If you work in the service industry the spirit of holidays is reversed—when people are off work you are on, working harder, which is good if you work for tips and better if you want to go to a bar on your night off or a restaurant and not be overwhelmed by people with real jobs going out en masse. It’s confusing when you end up with a Friday night off and you go to a movie. Where the hell did all of these people come from? Is it Friday? Yes, it is Friday. Why am I not being paid to deal with these crowds? Is Christmas over yet? It’s worth when you live in the small town you grew up in, there are so many people at the bar. People from high school learn that you live in Monterey again, and you learn that they have a real job. They live in Oakland. What are you doing here? might literally be asked. I love Monterey, is not your response, especially not now. You look forward to asserting your own values upon the life you live once again, a respite from buying things, a guilt-free evening to yourself, reading a damn book, writing a fucking essay.

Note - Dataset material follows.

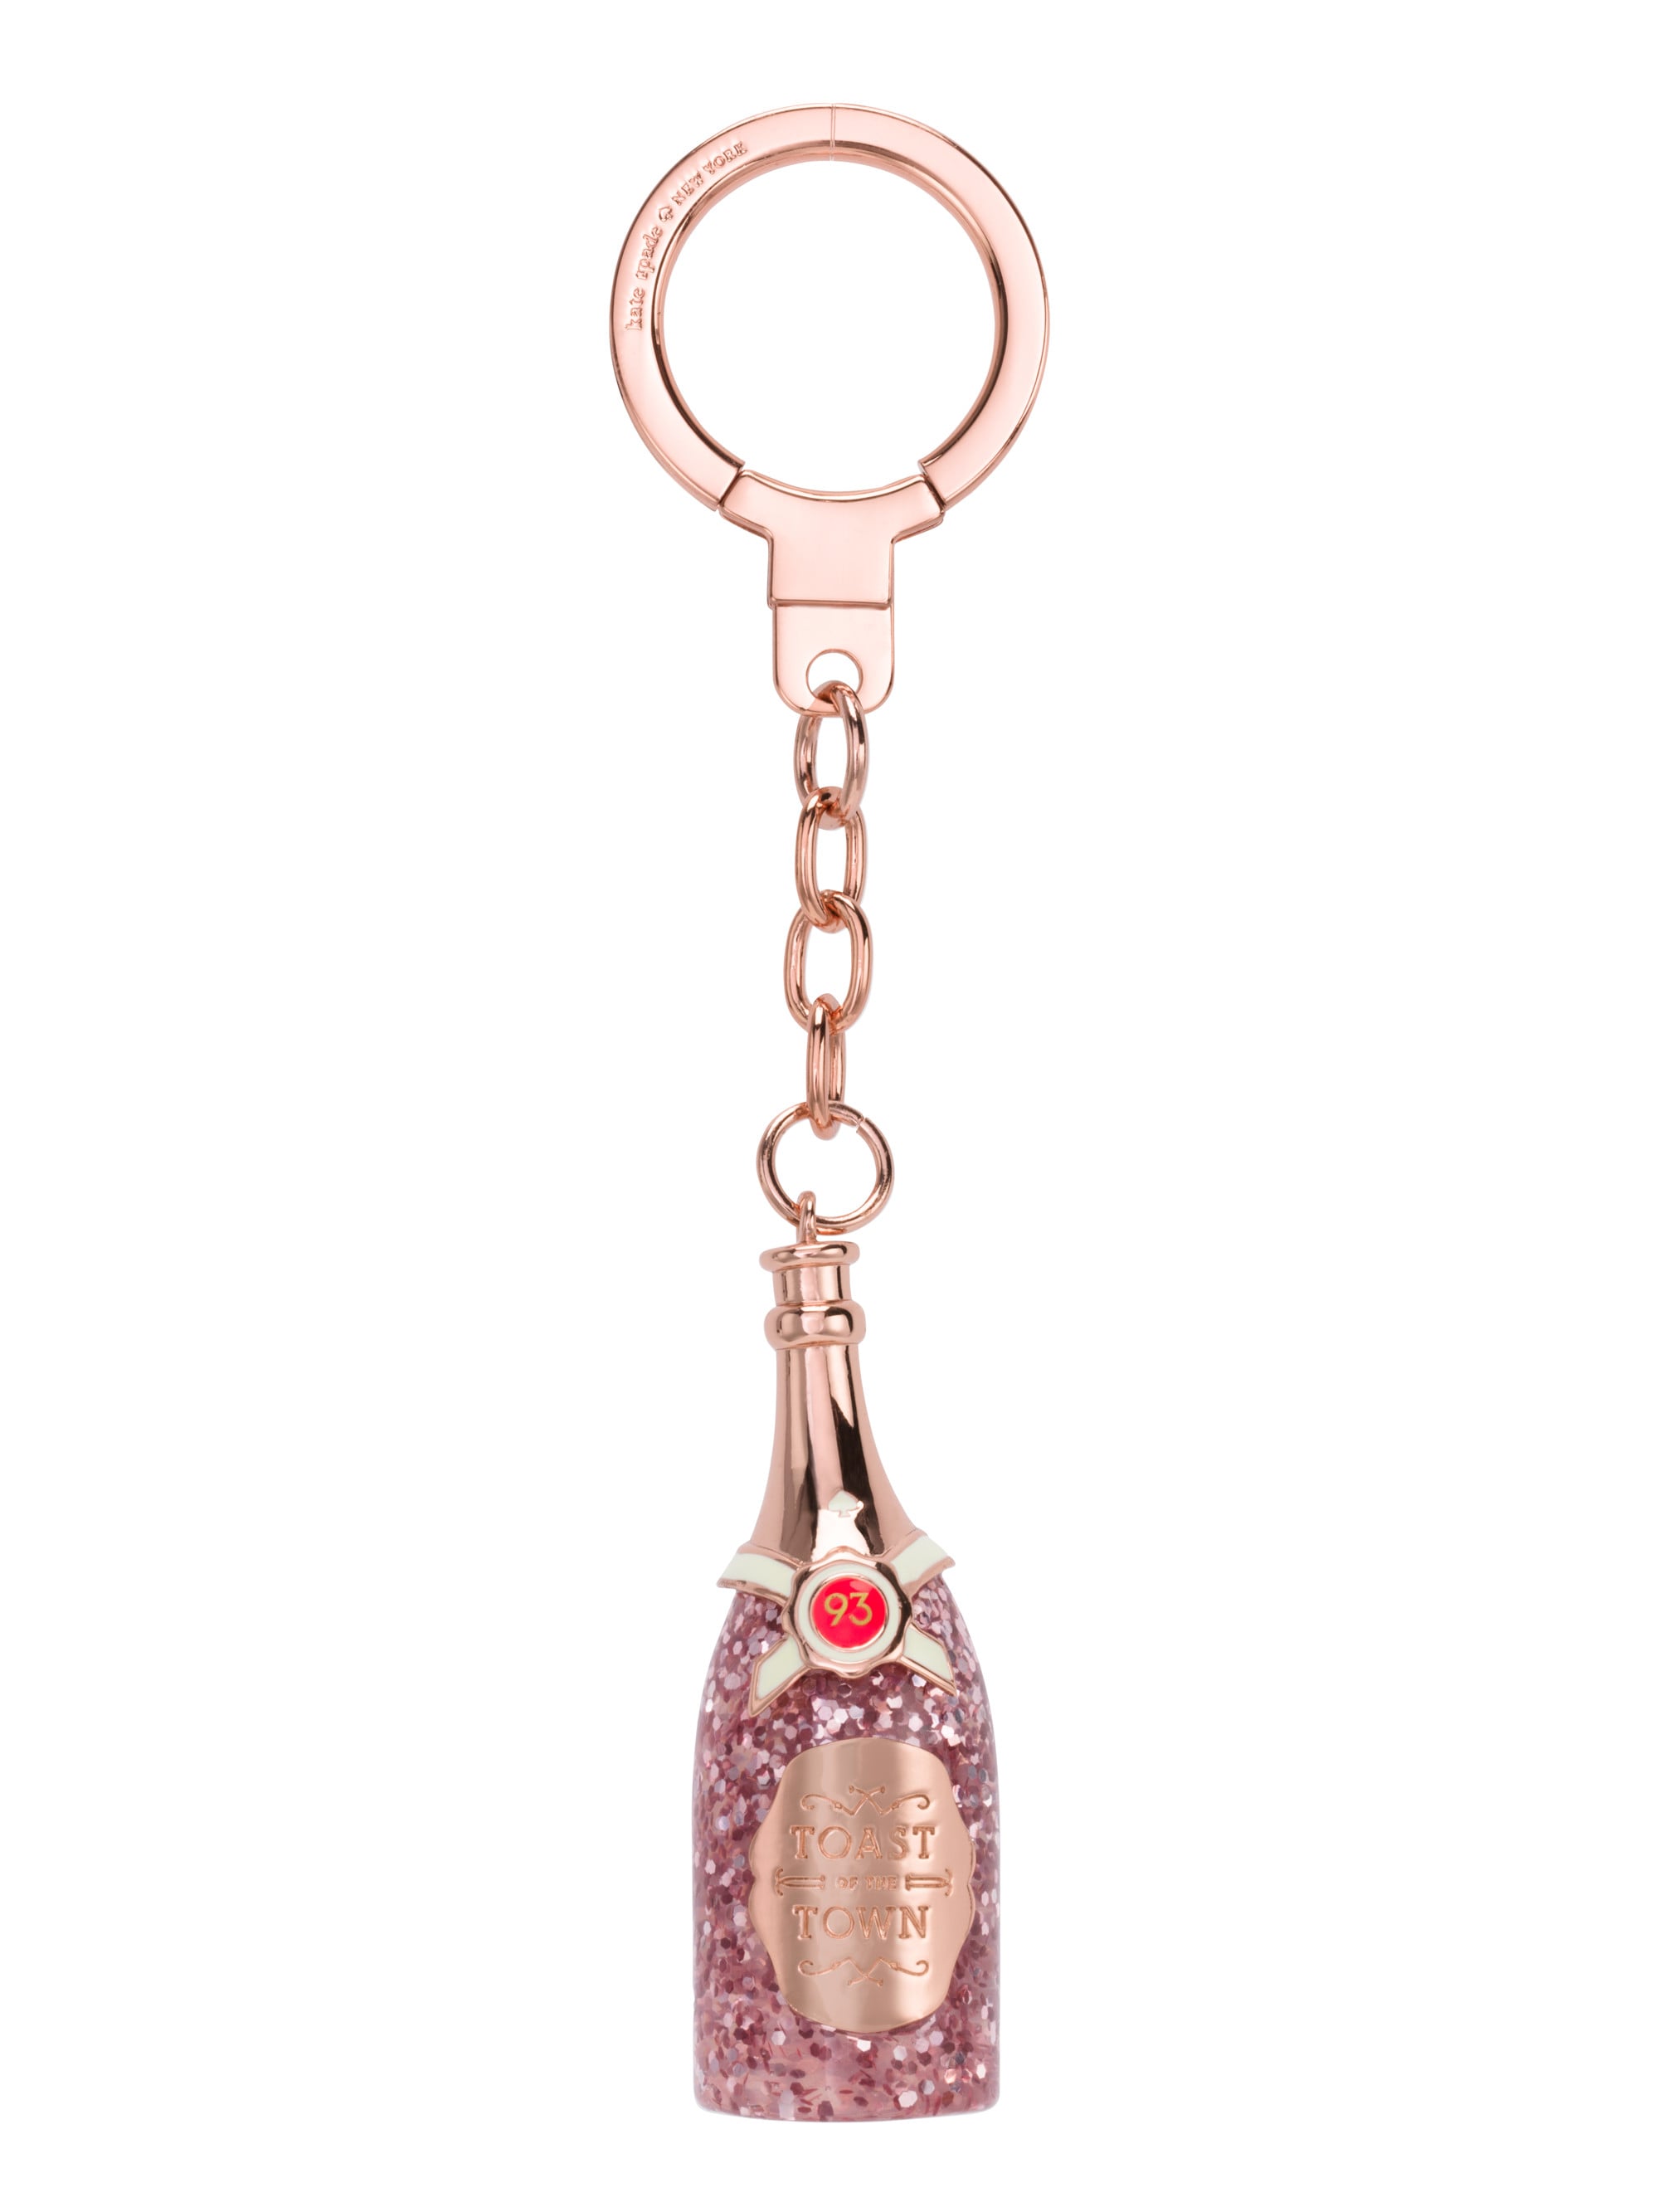 Kate Spade Champagne Bottle Keychain | Let's Pop Bottles! Kate Spade's New  Champagne Line Will Be on Your Holiday Wish List | POPSUGAR Fashion Photo 5

I quit the movie theater job as 2011 dawned in Chicago, St. Louis, Central Time—it was 10 o’clock, is what I’m saying—it’s a long story, but the point is I quit. A week later I would be taking a trip, and I didn’t want to be expected to show up when I was closer to Canada than the theater. I had spent a month respecting the collective beliefs of the society I live in, and now I was free to take my pilgrimage, celebrate my view of reality, think about every one from Junipero Serra to Ken Kesey who believed in the holiness of the north south path along the west coast, El Camino Real, the collision of old world and new world in a place that didn’t have much to do with either. I had bought the presents, eaten the cookies, opened the presents, spoke on the phone, watched TV, but now it was time to rediscover whatever love I had of the world, whatever friends and family were out there, how had they survived the spiritual vacuity of the great December pretending, Christmas’ war on us. In Portland, Ian had managed to find employment for the first time in awhile as a bell ringer for the Salvation Army dressed up as Santa. 

Eventually in January the memory of it fades away as the trees leave the leaving room and briefly lay at the curb, this Christmas that felt omnipotent, like it would never end, its ultimate ironies of charity and greed, both on heavy steroids as though egging each other on, fueled by a nation of people who work too much or too little to conceive of their truth, or to believe that any of it even matters.

This story ends with The King’s Speech winning a shit ton of Oscars and me stuttering out a novel of sorts. I hope you enjoyed the show.